It is also quite possible that there are fundamental limits to scaling LLMs that we have not discovered yet. You won't find a way to let airplanes fly to the moon no matter how many resources you pour into it. To make it there, you need better methods (ie rockets in this case) that look nothing like the first few steps to get off the ground.
LLMs fairly quickly got to consuming a significant portion of all available data. I can't see them improving significantly just by throwing more data at the problem.
What would be really interesting would be to repeated attempt to get get ChatGPT to solve the problems.

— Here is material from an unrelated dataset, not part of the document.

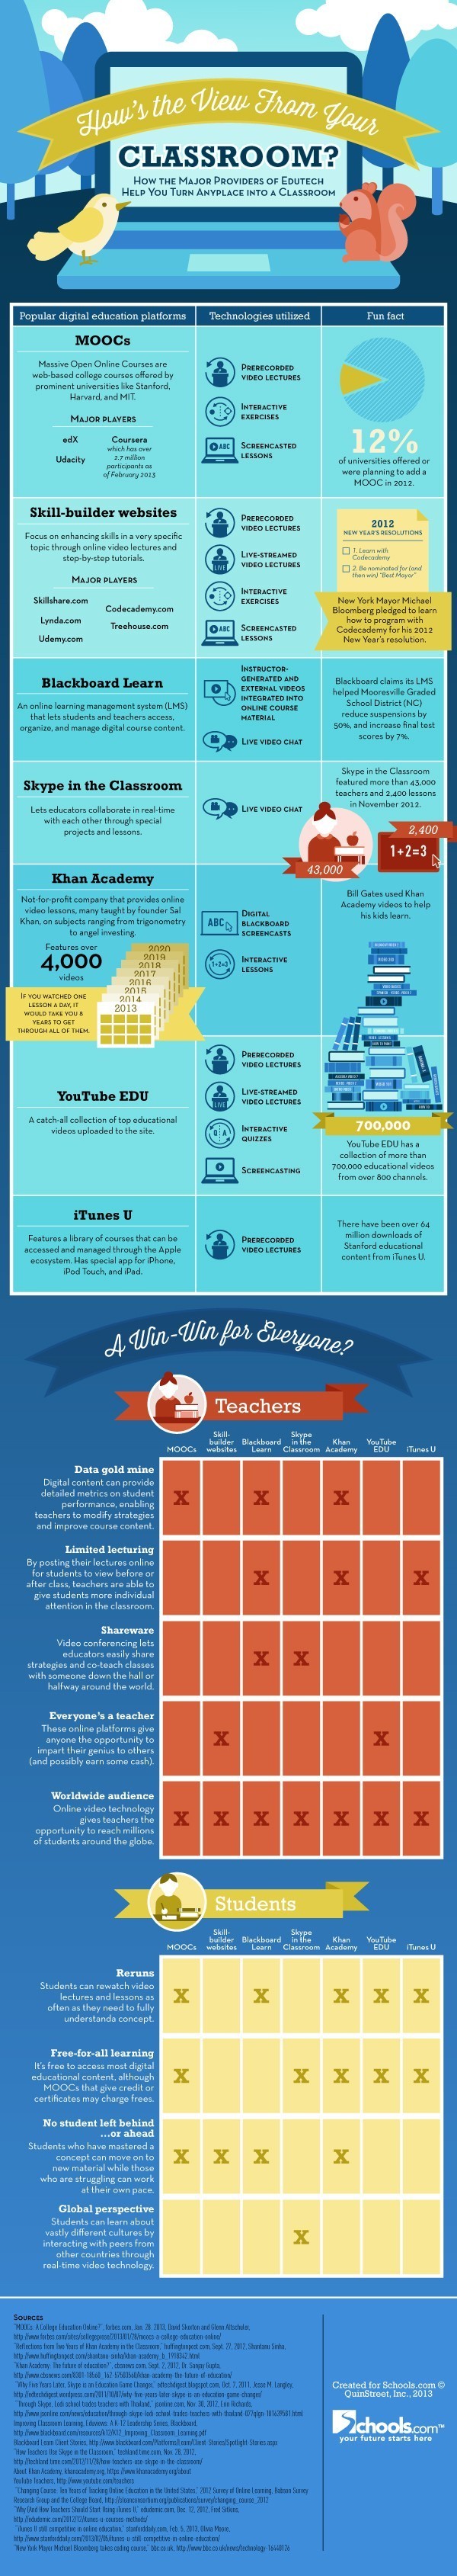 How-Digital-Education-Platforms-Change-How-We-Learn-Infographic

By that I mean try to solve the Day 1 problem at the point of release, then try to solve it in a fresh ChatGPT session the next day, and then get it to solve it again the day after that, and so for the next couple of months.
Do that for each day that it runs for and then see what patterns emerge. Part of me expects it to get better at solving each problem as the rest of us write our solutions and then make them available on the web in some form for it harvest - but it would be interesting to see if that is the case.
No, it's practice. The model doesn't change day by day.
Kind of like saying "let's watch the same youtube video every day and see if it changes" - it won't, that's not how youtube works, there is no point trying.
Most people have that suspicion, myself included. But the API models
stay verifiably same, and also OpenAI would have little reason to lie about not updating ChatGPT.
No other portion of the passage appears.